WHAT YOU SHOULD DO: Your task is to output the listing word for word, with pictures excluded.

DATA:
※ ※ ※
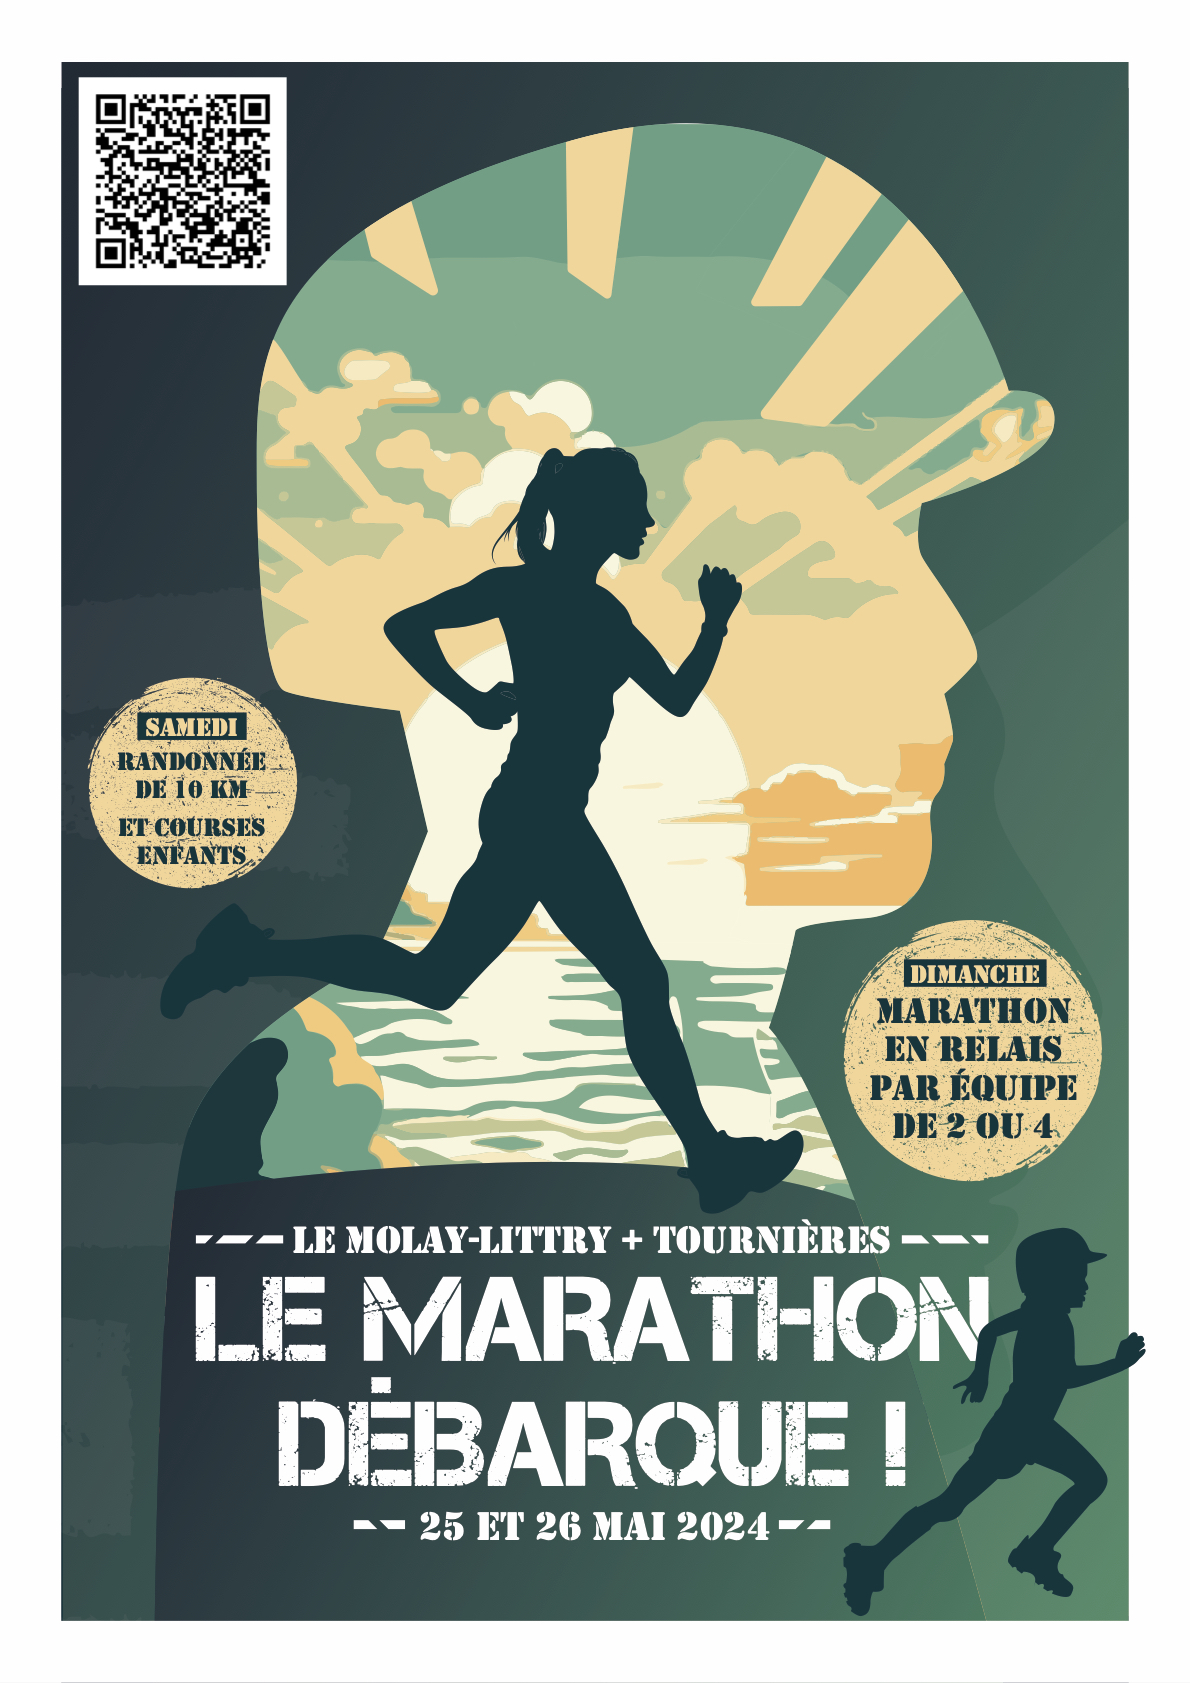 Le Marathon débarque ! null France null null null null
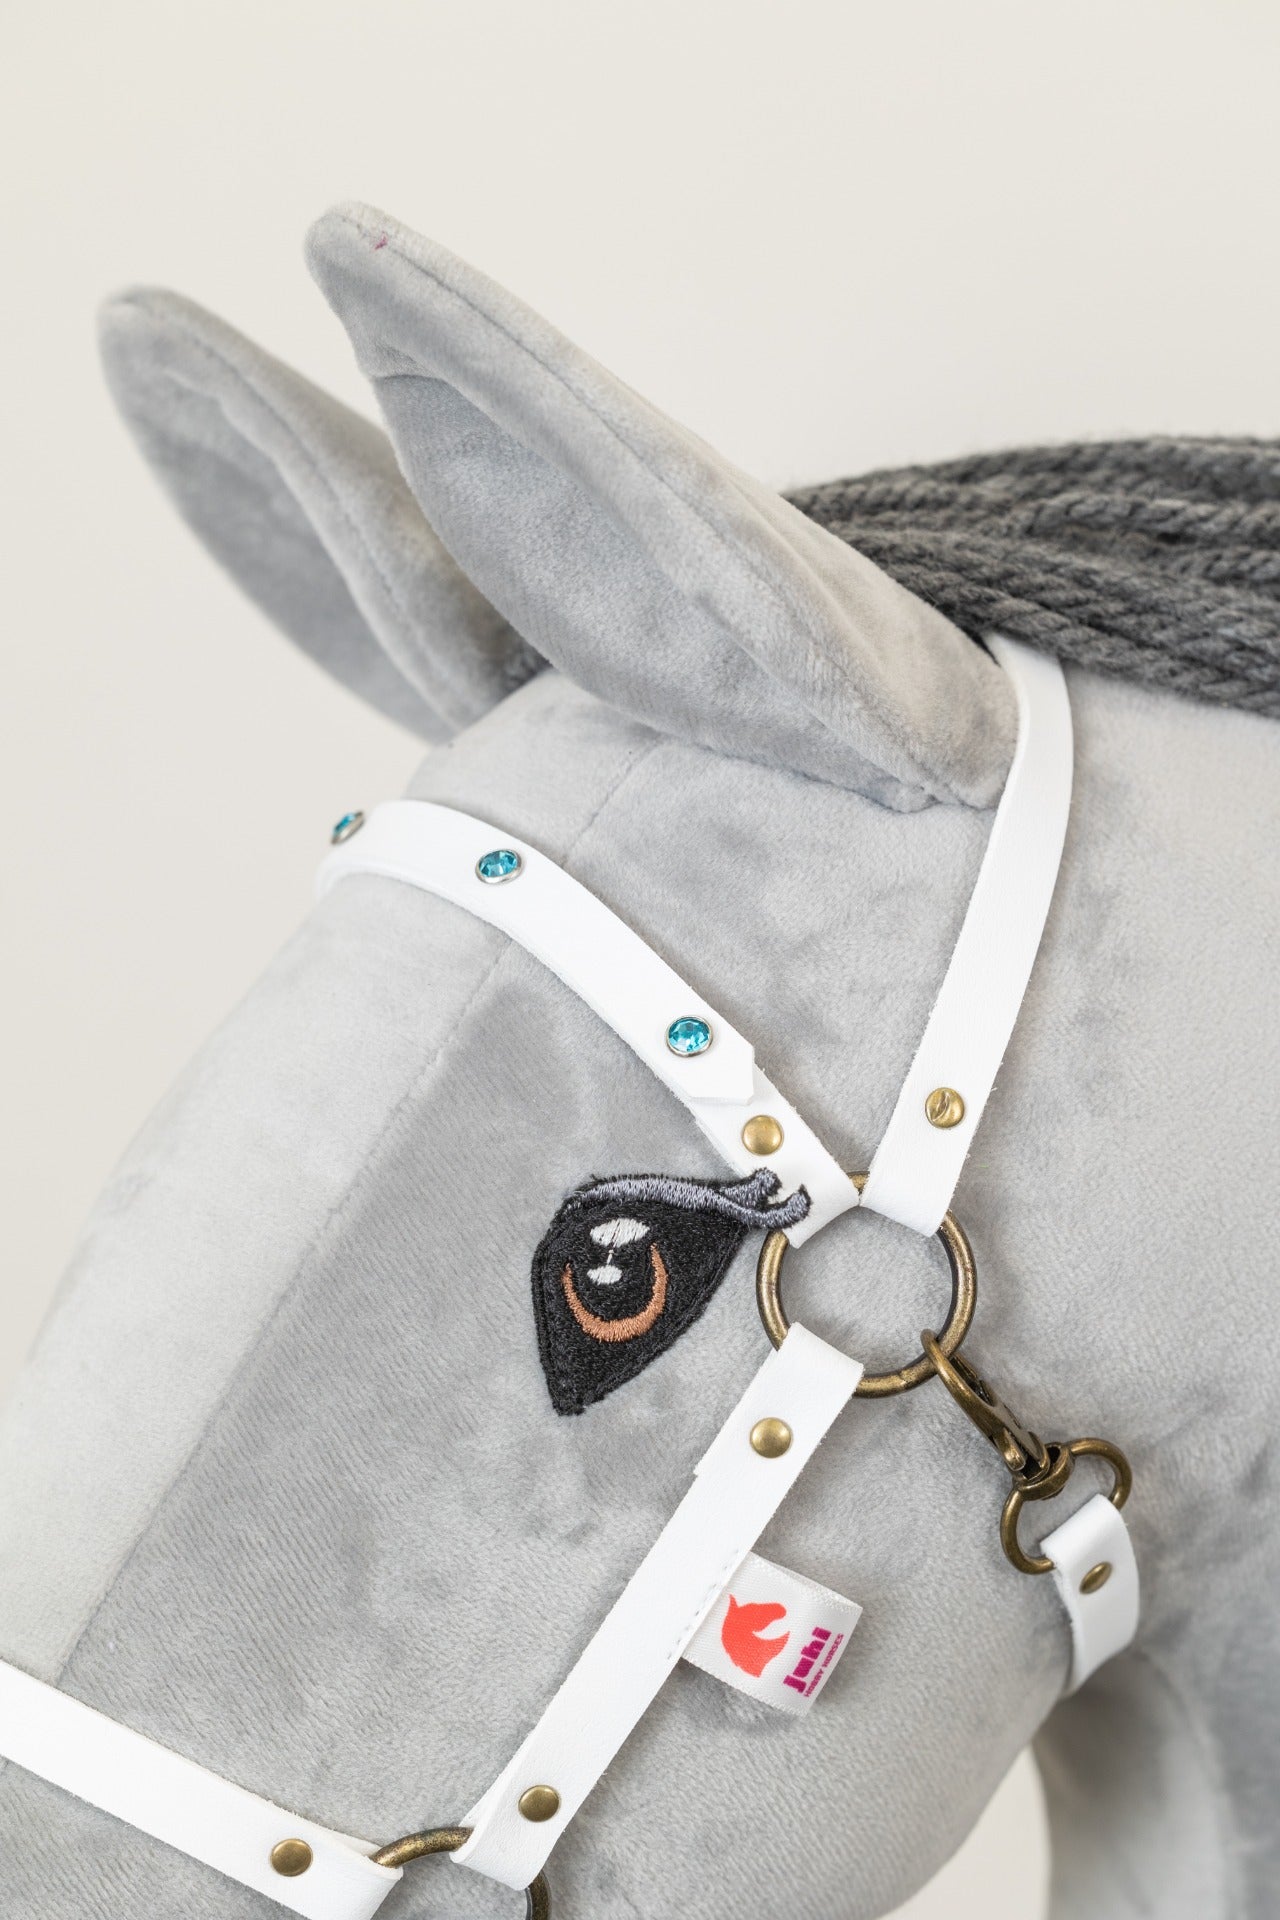 Ohlávka Crystal bílá - Mosaz - Dospělý kůň
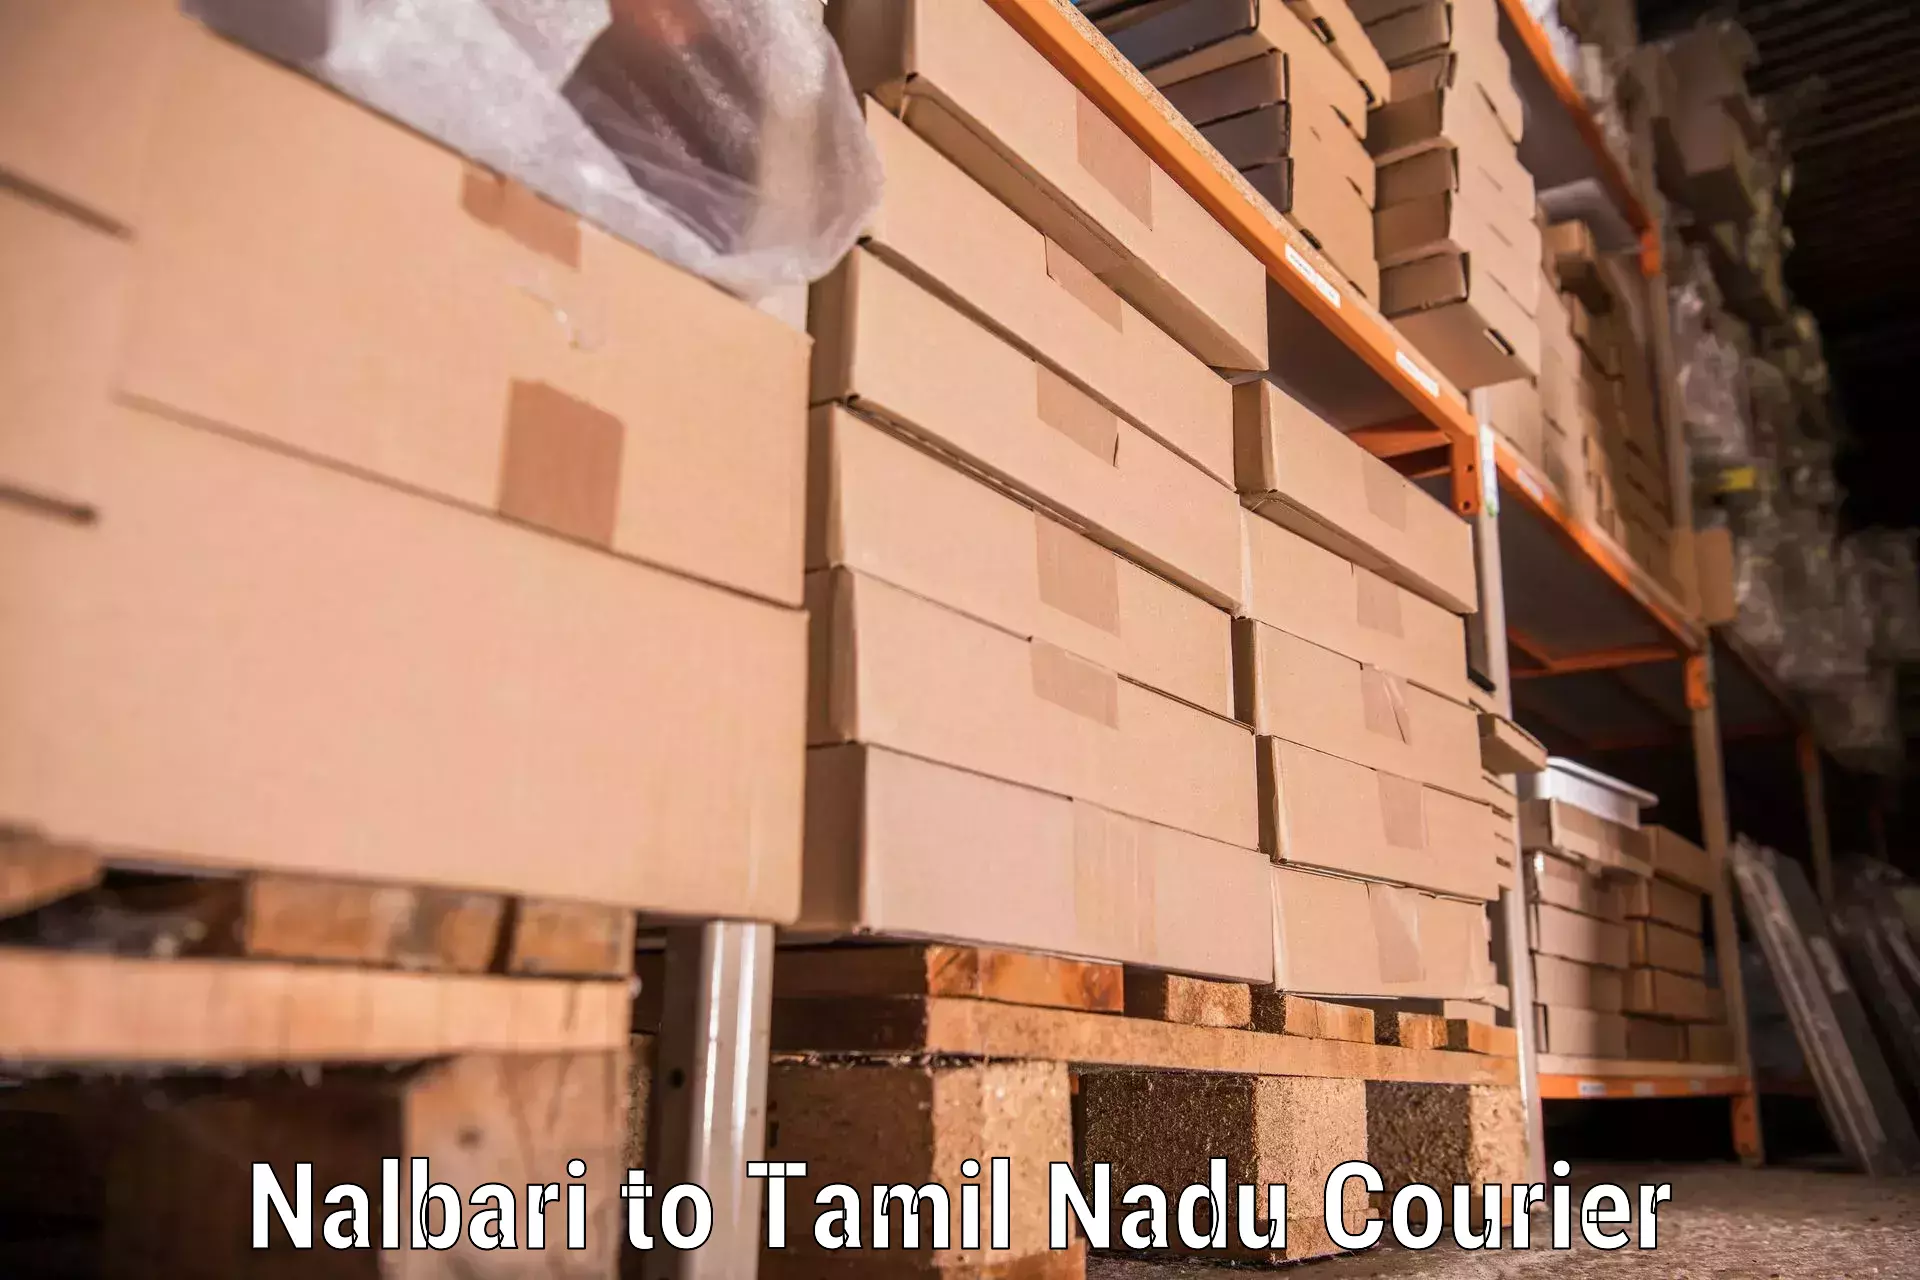 Nationwide moving services Nalbari to Thiruthuraipoondi
※ ※ ※
EXERCISE SOLUTION:
 Le Marathon débarque ! null France null null null null
 Ohlávka Crystal bílá - Mosaz - Dospělý kůň
 Nationwide moving services Nalbari to Thiruthuraipoondi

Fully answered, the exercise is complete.